Kurz gesagt, die Ausstellung stellt weder das Wandbild noch dessen Erschaffer – Eugen Jordi und Emil Zbinden – ins Zentrum. Das Wandbild und die Kontroversen, die es auslöst, bilden vielmehr eine Linse. Sie machen nachvollziehbar, wie die bernische Gesellschaft durch den Kolonialismus mitgeformt wurde. Und sie dokumentieren, wie diese Gesellschaft mit dem fortwirkenden Rassismus in der Gegenwart umzugehen versucht.
Die Funktion des Wandbilds hat sich mit dem Umzug fundamental gewandelt. Während es in der Schule aufgrund seines diskriminierenden Charakters demokratisches und gleichberechtigtes Lernen für Kinder erschwerte, ermöglicht es im Museum ein ausserschulisches, gesellschaftliches Lernen. Damit ist unser Projekt Teil eines grösseren gesellschaftlichen Prozesses, der weit über Bern und die Schweiz hinausreicht. Mit ihrer Kritik an Denkmälern, Strassennamen und anderen Zeugnissen einer kolonialen Kultur im öffentlichen Raum, haben dekoloniale und antirassistische Initiativen in jüngerer Zeit Behörden, Kultur- und Bildungseinrichtungen weltweit dazu gedrängt, sich der kolonialen Vergangenheit und dem kolonialen Erbe nicht weiter zu verschliessen, sondern sich diesen zuzuwenden. Diesem Prozess kann sich niemand entziehen. Für uns alle gilt, wenn auch in unterschiedlicher Weise: Nur wenn wir Rassismus und die Auswirkungen von Kolonialismus diskutierbar machen, öffnen sich uns neue Wege für eine gerechtere Zukunft.
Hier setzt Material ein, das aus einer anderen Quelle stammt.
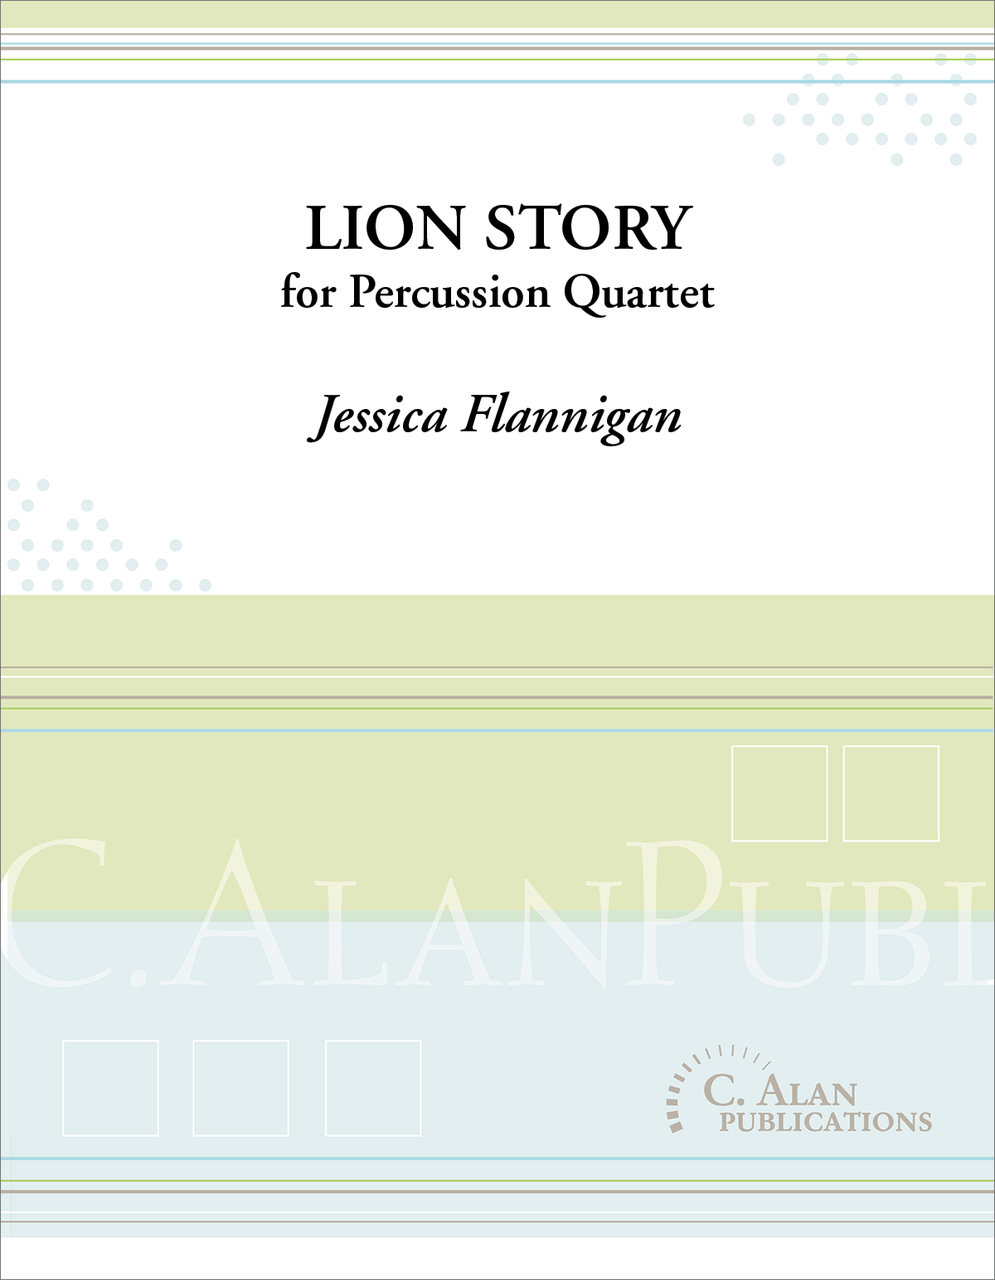 Lion Story by Jessica Flanningan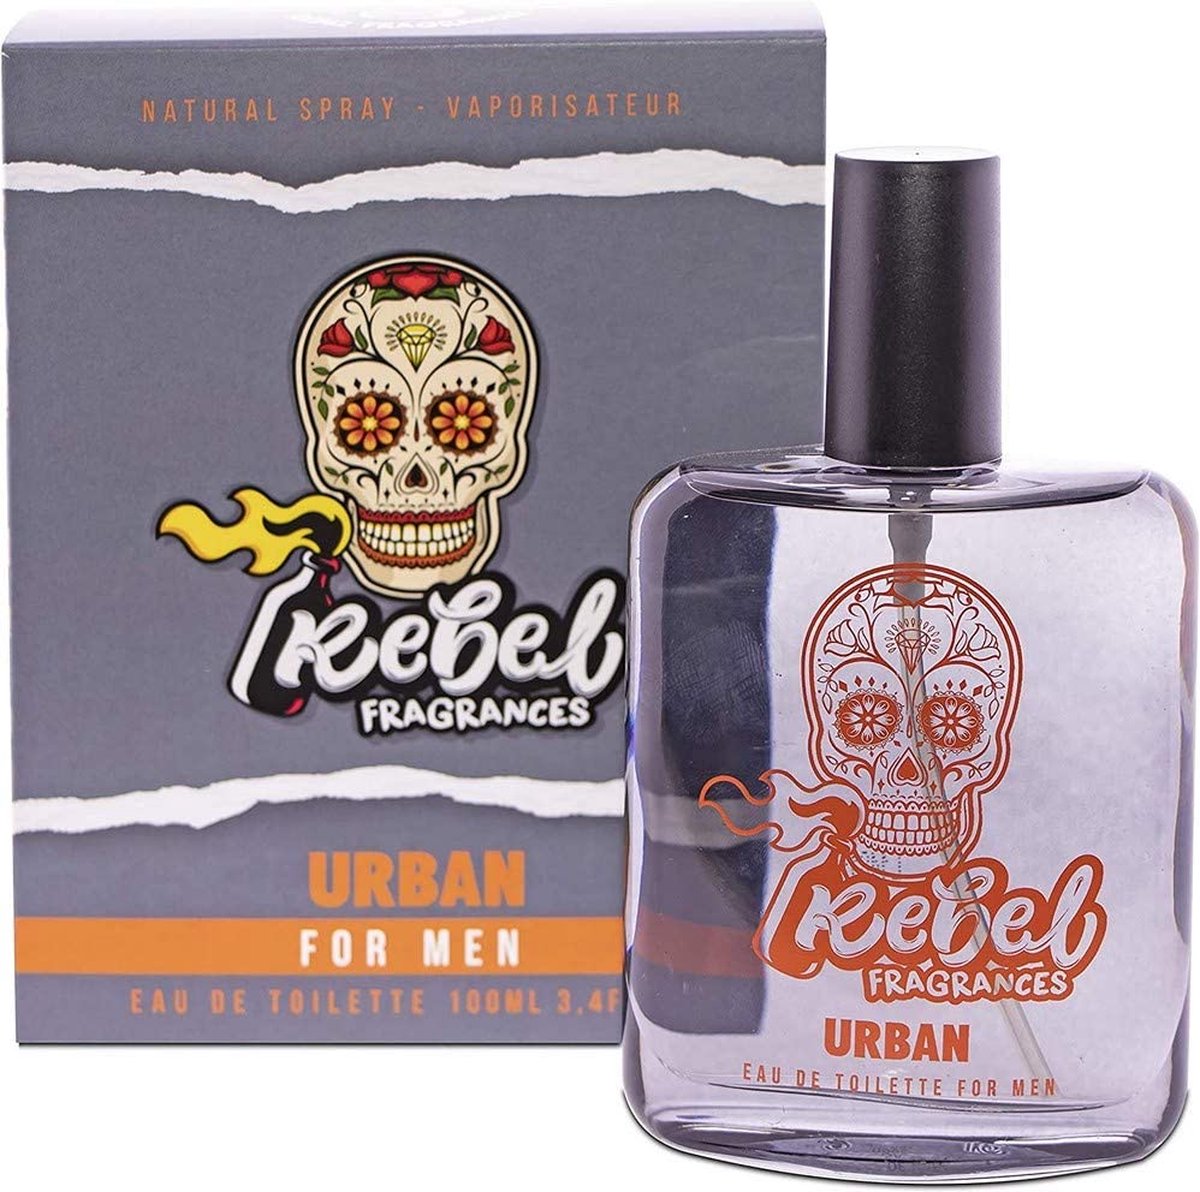 Rebel Fragrances Urban Eau De Toilette Mannen - 100 ml - Mannen Parfum - Mannen Cadeautjes - Verleidelijk en Intrigerend Herengeur

Verein «Das Wandbild muss weg!»: Izabel Barros, Fatima Moumouni, Esther Poppe, Vera Ryser, Bernhard C. Schär, Angela Wittwer
Dieser Text erschien im Rahmen der Ausstellung «Widerstände. Vom Umgang mit Rassismus in Bern», die noch bis am 1. Juni 2025 im Bernischen Historischen Museum zu sehen ist.